1. ## Geometric Progression

A geometric progression has first term and common ratio both equal to a, a>1. Given that the sum of the first 12 terms is 28 times the sum of the first 6 terms, find the exact value of a.

$\displaystyle S_{12}=28S_6$

$\displaystyle \frac{a(1-r^{12})}{1-r}=28\frac{a(1-r^6)}{1-r}$

$\displaystyle 1-r^{12}=28(1-r^6)$

$\displaystyle r^{12}-28r^6+27=0$

I would have to plot a graph to find the answer, but this would not give me an exact answer. How could I solve it in a way which would give me an exact answer?

2. Originally Posted by Punch
A geometric progression has first term and common ratio both equal to a, a>1. Given that the sum of the first 12 terms is 28 times the sum of the first 6 terms, find the exact value of a.

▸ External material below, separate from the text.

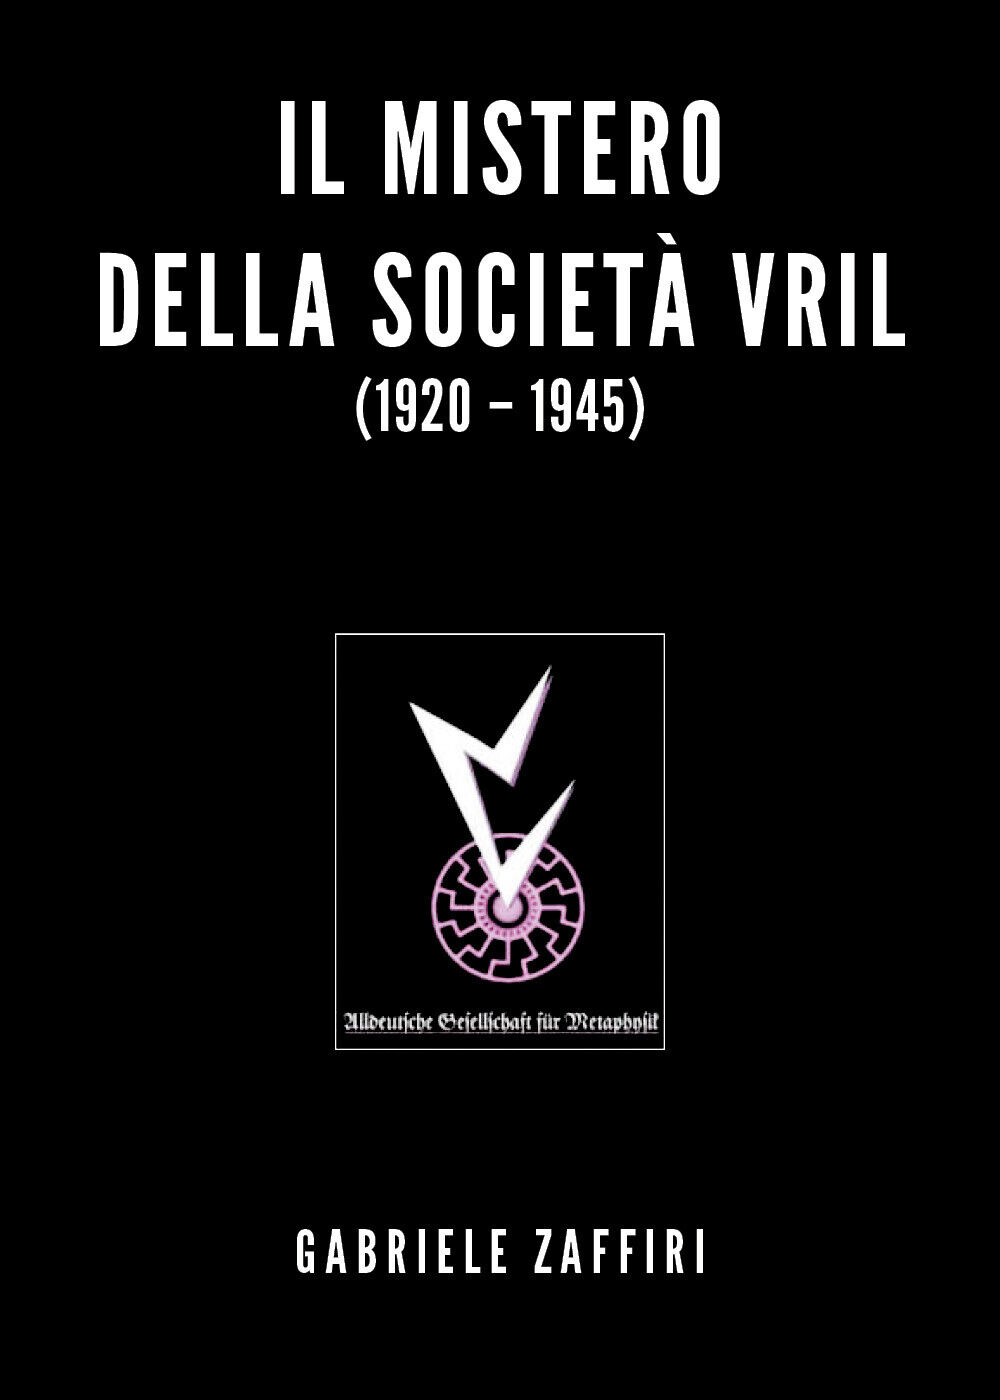 Il mistero della societ? Vril (1920-1945) di Gabriele Zaffiri,  2020,  Youcanpri

$\displaystyle S_{12}=28S_6$

$\displaystyle \frac{a(1-r^{12})}{1-r}=28\frac{a(1-r^6)}{1-r}$

$\displaystyle 1-r^{12}=28(1-r^6)$

$\displaystyle r^{12}-28r^6+27=0$

I would have to plot a graph to find the answer, but this would not give me an exact answer. How could I solve it in a way which would give me an exact answer?
The equation is quadratic in form and can we factored as follows

$\displaystyle (r^6)^2-28r^6+27=0 \iff (r^6-1)(r^6-27)=0$

Note that

$\displaystyle r^6=(r^2)^3$

Use the difference of cubes...

Can you finish from here?

3. Originally Posted by TheEmptySet
The equation is quadratic in form and can we factored as follows

$\displaystyle (r^6)^2-28r^6+27=0 \iff (r^6-1)(r^6-27)=0$

Note that

$\displaystyle r^6=(r^2)^3$

Use the difference of cubes...

Can you finish from here?
could there be another way to complete this? because difference of cubes is something i have not learnt

4. Originally Posted by Punch
could there be another way to complete this? because difference of cubes is something i have not learnt
Then you can consider it something new you're learning now.

Sum of Two Cubes: $\displaystyle \displaystyle a^3 + b^3 = (a + b)(a^2 - ab + b^2)$.

Difference of Two Cubes: $\displaystyle \displaystyle a^3 - b^3 = (a - b)(a^2 + ab + b^2)$.

5. okay, i have solved the first part of the question and now comes another part which i can't solve:

Hence evaluate $\displaystyle log_{3}(\frac{3}{2}a^2+a^4+a^6+....+a^{58})$, giving your answer in the form $\displaystyle A-log_3B$, where $\displaystyle A$ and $\displaystyle B$ are positive integers to be determined.